🤖 AI Summary
Existing foundation models in computational pathology often rely on backbone networks pretrained on natural images, which struggle to capture the heterogeneity and non-uniformity of tissue morphology, thereby limiting clinical interpretability and utility. To address this, this work proposes CARE, a novel foundation model that uniquely integrates molecular information—specifically RNA and protein data—into the regional modeling of histopathology images. CARE employs a two-stage self-supervised pretraining strategy: first learning morphological representations from unlabeled whole-slide images, then leveraging molecular data to guide the generation of biologically meaningful and morphologically coherent adaptive tissue regions. Notably, CARE requires no manual segmentation and uses only one-tenth of the pretraining data typical of mainstream models, yet achieves superior average performance across 33 diverse downstream tasks—including morphological classification, molecular prediction, and survival analysis—demonstrating enhanced generalization and clinical relevance.
📝 Abstract
Foundation models have recently achieved impressive success in computational pathology, demonstrating strong generalization across diverse histopathology tasks.
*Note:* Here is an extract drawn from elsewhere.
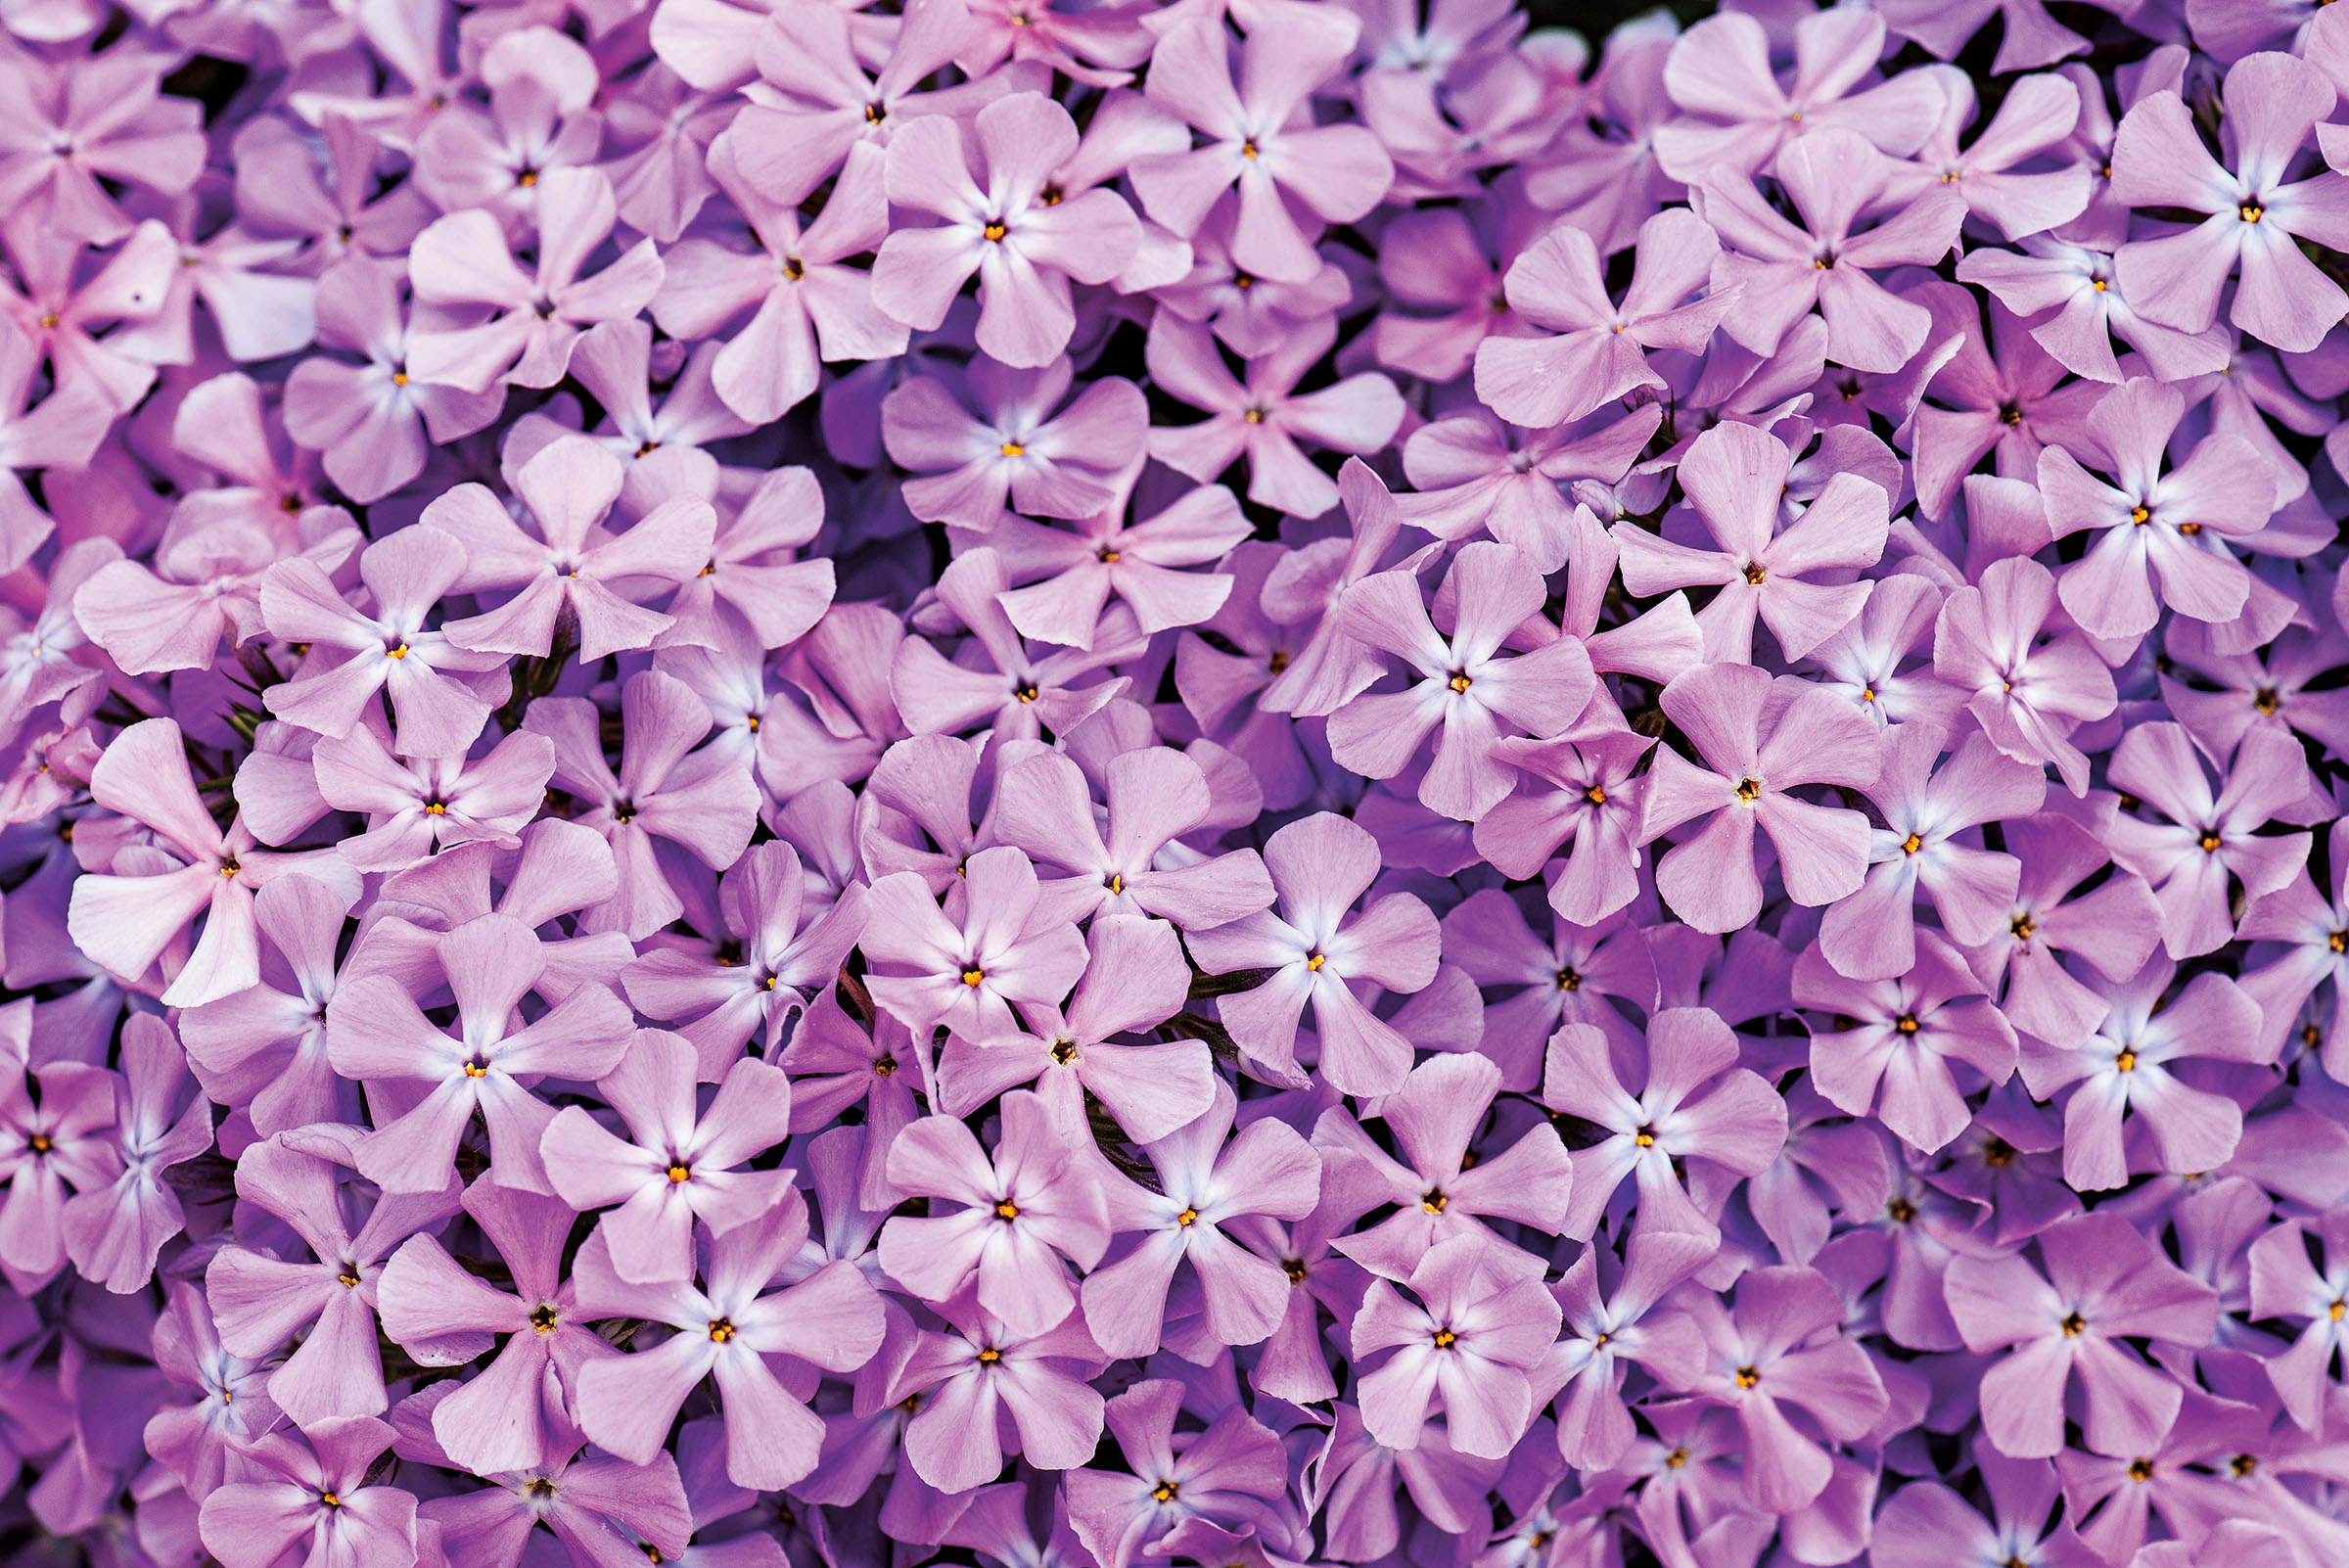 An overhead view of a large field of purple flowers

However, existing models overlook the heterogeneous and non-uniform organization of pathological regions of interest (ROIs) because they rely on natural image backbones not tailored for tissue morphology. Consequently, they often fail to capture the coherent tissue architecture beyond isolated patches, limiting interpretability and clinical relevance. To address these challenges, we present Cross-modal Adaptive Region Encoder (CARE), a foundation model for pathology that automatically partitions WSIs into several morphologically relevant regions. Specifically, CARE employs a two-stage pretraining strategy: (1) a self-supervised unimodal pretraining stage that learns morphological representations from 34,277 whole-slide images (WSIs) without segmentation annotations, and (2) a cross-modal alignment stage that leverages RNA and protein profiles to refine the construction and representation of adaptive regions. This molecular guidance enables CARE to identify biologically relevant patterns and generate irregular yet coherent tissue regions, selecting the most representative area as ROI. CARE supports a broad range of pathology-related tasks, using either the ROI feature or the slide-level feature obtained by aggregating adaptive regions. Based on only one-tenth of the pretraining data typically used by mainstream foundation models, CARE achieves superior average performance across 33 downstream benchmarks, including morphological classification, molecular prediction, and survival analysis, and outperforms other foundation model baselines overall.